Ending BTECs could lead to students dropping out, warns ASCL

The ASCL has warned that ending BTEC funding in favour of A and T levels could prove detrimental to the education of certain pupils

Scrapping BTECs risks leading to more young people dropping out of education, the Association of School and College Leaders (ASCL) has warned.

ASCL has formally responded to a government consultation on the future of qualifications for 16-18 year-olds which it is concerned will lead to the end of applied generals – the most-well known of which are BTECs – to clear the way for the government’s flagship policy of T levels.

Applied generals are taken by around 200,000 students each year. They are vocational qualifications which leave open to young people the opportunity to pursue academic or technical routes post-18.

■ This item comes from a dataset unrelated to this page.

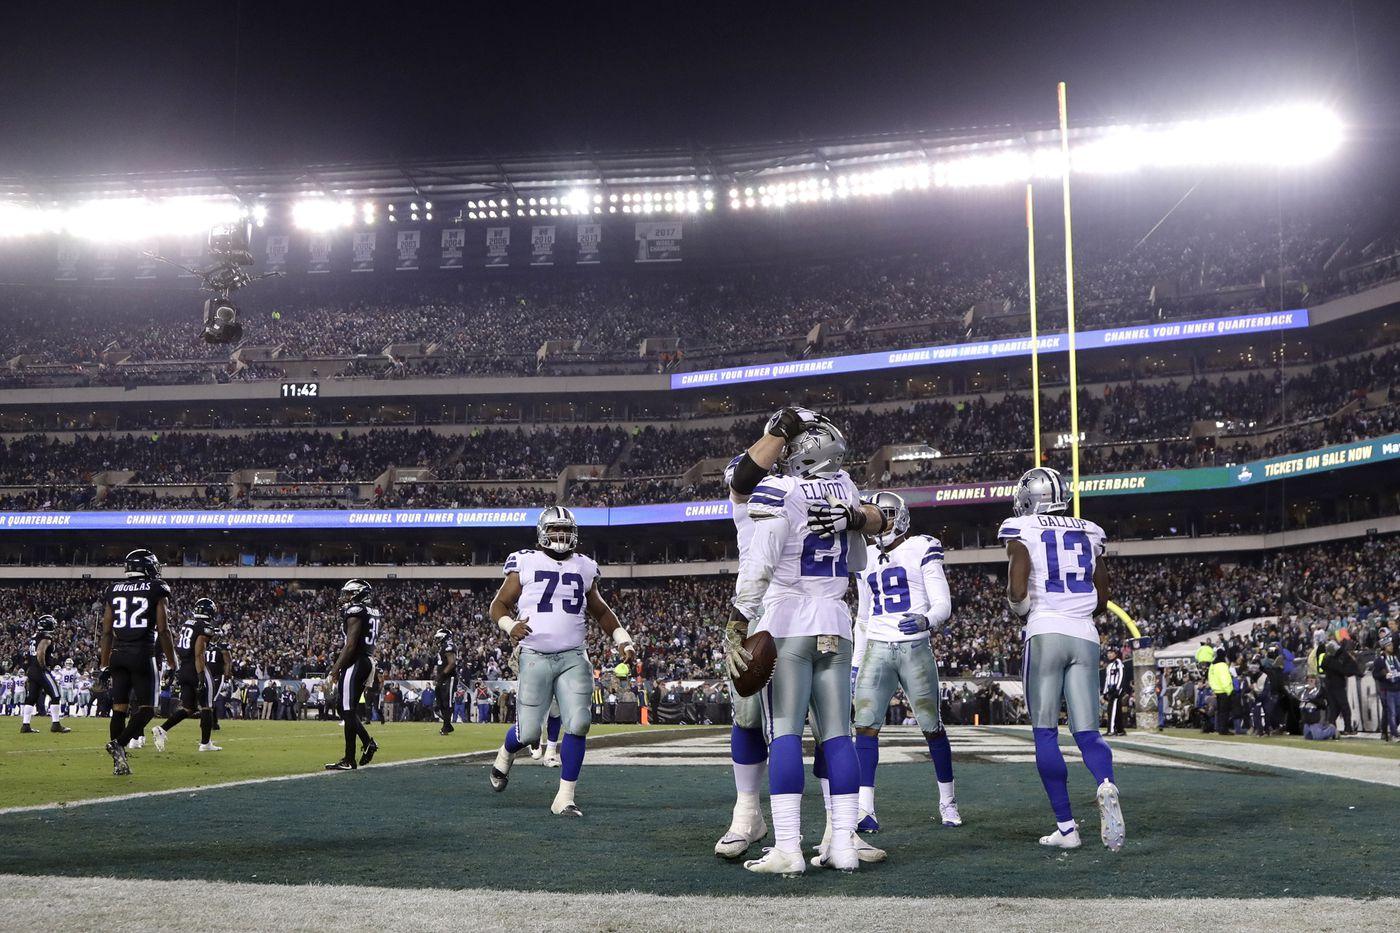 7b57a7079 Dallas Cowboys running back Ezekiel Elliott (21) is congratulated by  teammates after catching a

However, the ASCL fears that the government is planning to remove funding for these qualifications and insist that 16-year-olds must instead study either the academic route of A levels, or the technical route of T levels.

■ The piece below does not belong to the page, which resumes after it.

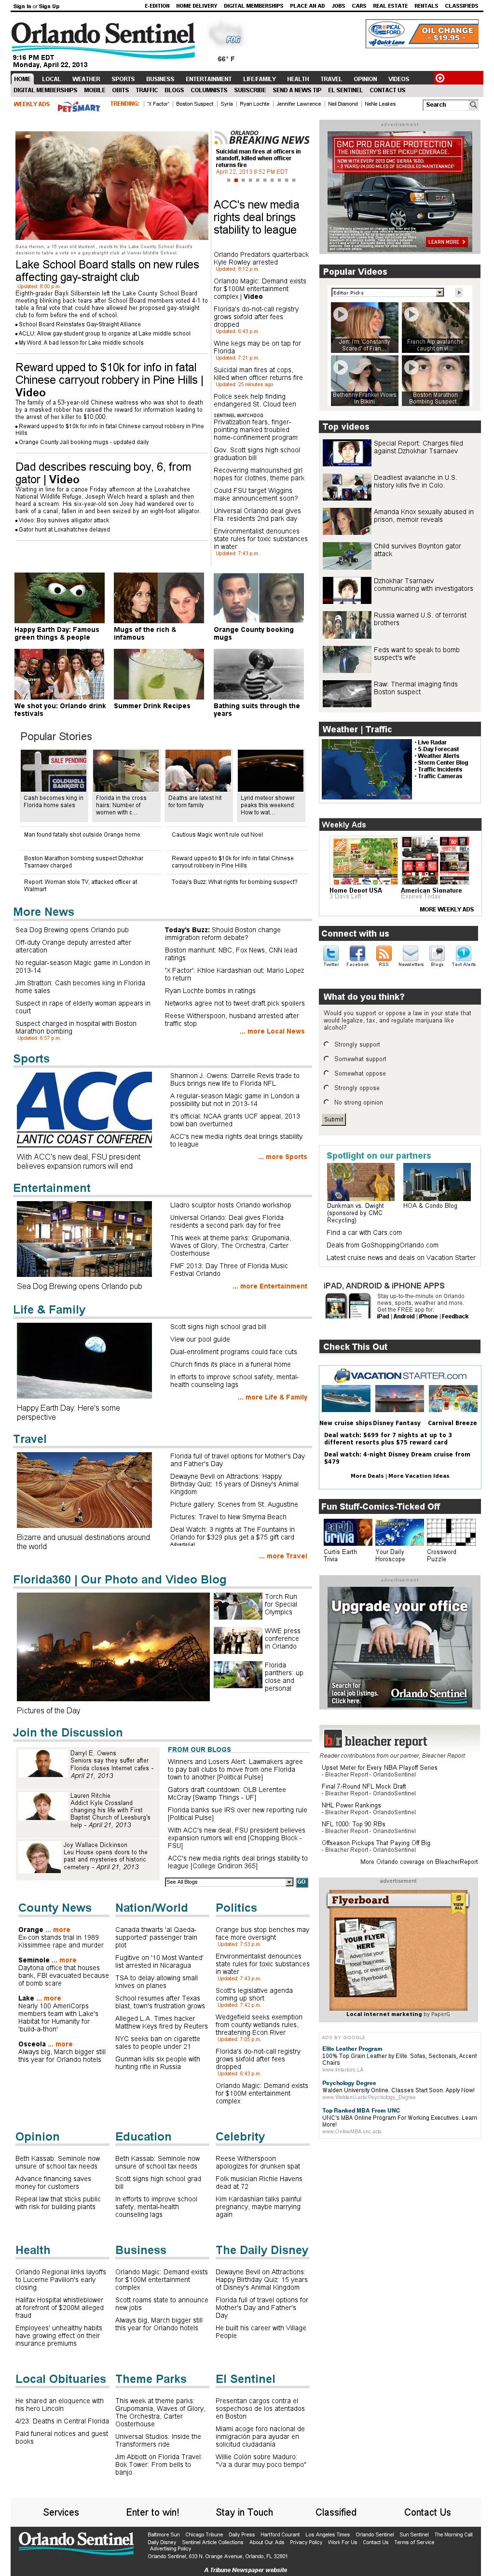 Orlando Sentinel at Tuesday April 23, 2013, 1:17 a.m. UTC

The ASCL’s consultation response says: “Forcing students down a path of either A levels or T levels at age 16 does not give a greater guarantee of progress towards a student’s ‘intended outcome’. On the contrary, our view is that this risks leading to more students dropping out of education altogether.

“Adopting a middle ground of an applied route that sits between academic and technical routes is, in our view, likely to result in better outcomes for the cohort at level 3 than presenting all students with a binary choice between an academic or a technical route.”

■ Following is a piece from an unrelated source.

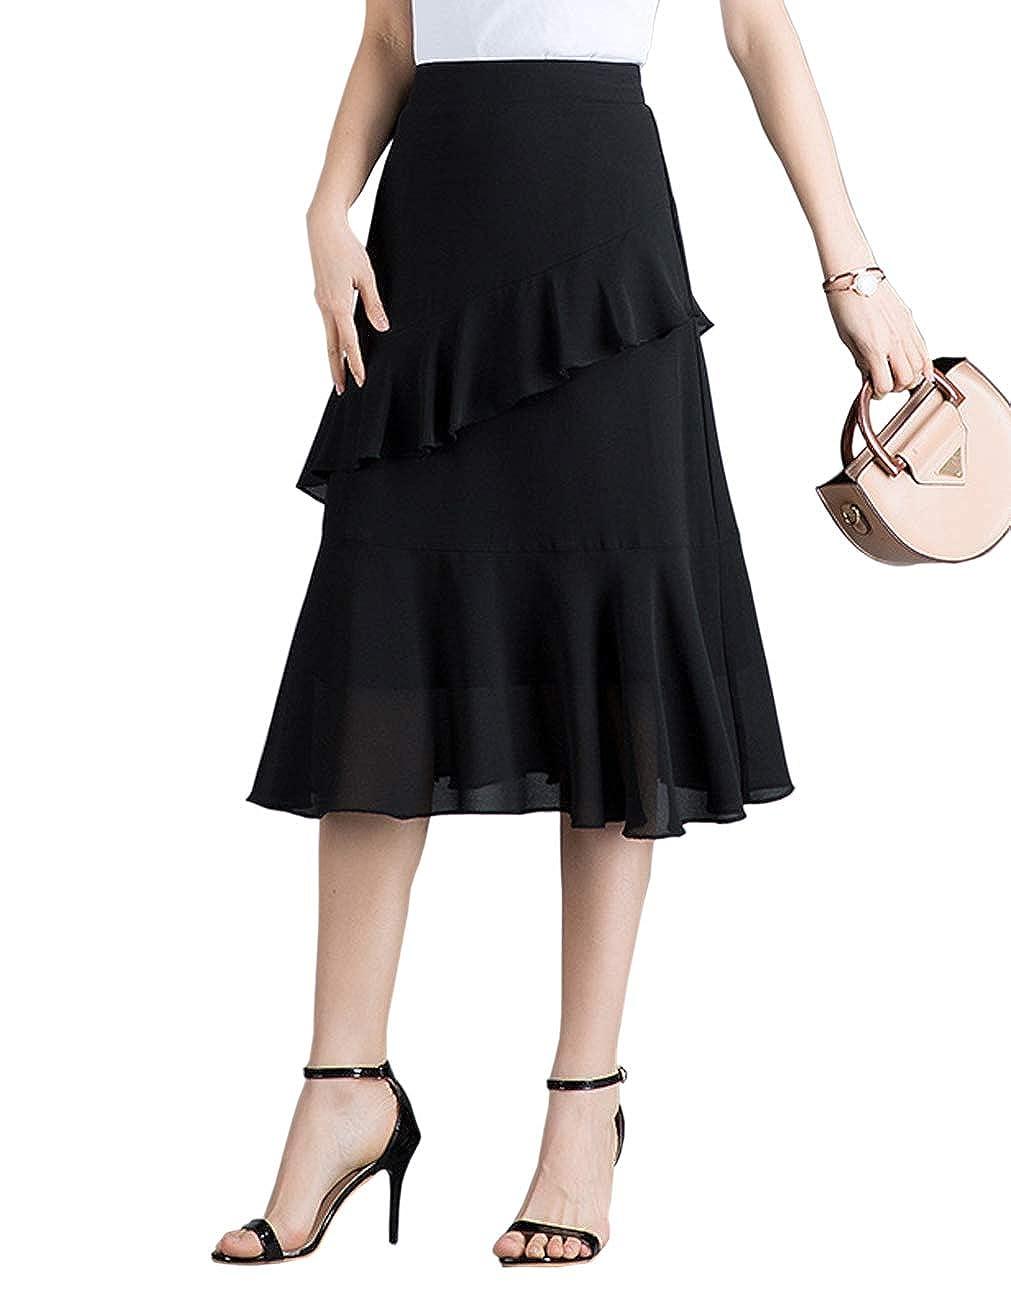 1920s Skirt History LAKERUI Women Chiffon Flared Midi Skirt Floral Print Tiered Ruffled Sheath Skirt with Elastic Waist $18.99 AT vintagedancer.com

It also warns that scrapping BTECs could have a disproportionate impact on students with special educational needs; 13% of students who take applied general qualifications have special educational needs compared to four per cent who take A levels.

The ASCL’s response concludes: “Consideration must also be given to the impact of these changes on the thousands of people who have undertaken qualifications that may now be considered worthless, or no longer understood over time by employers.”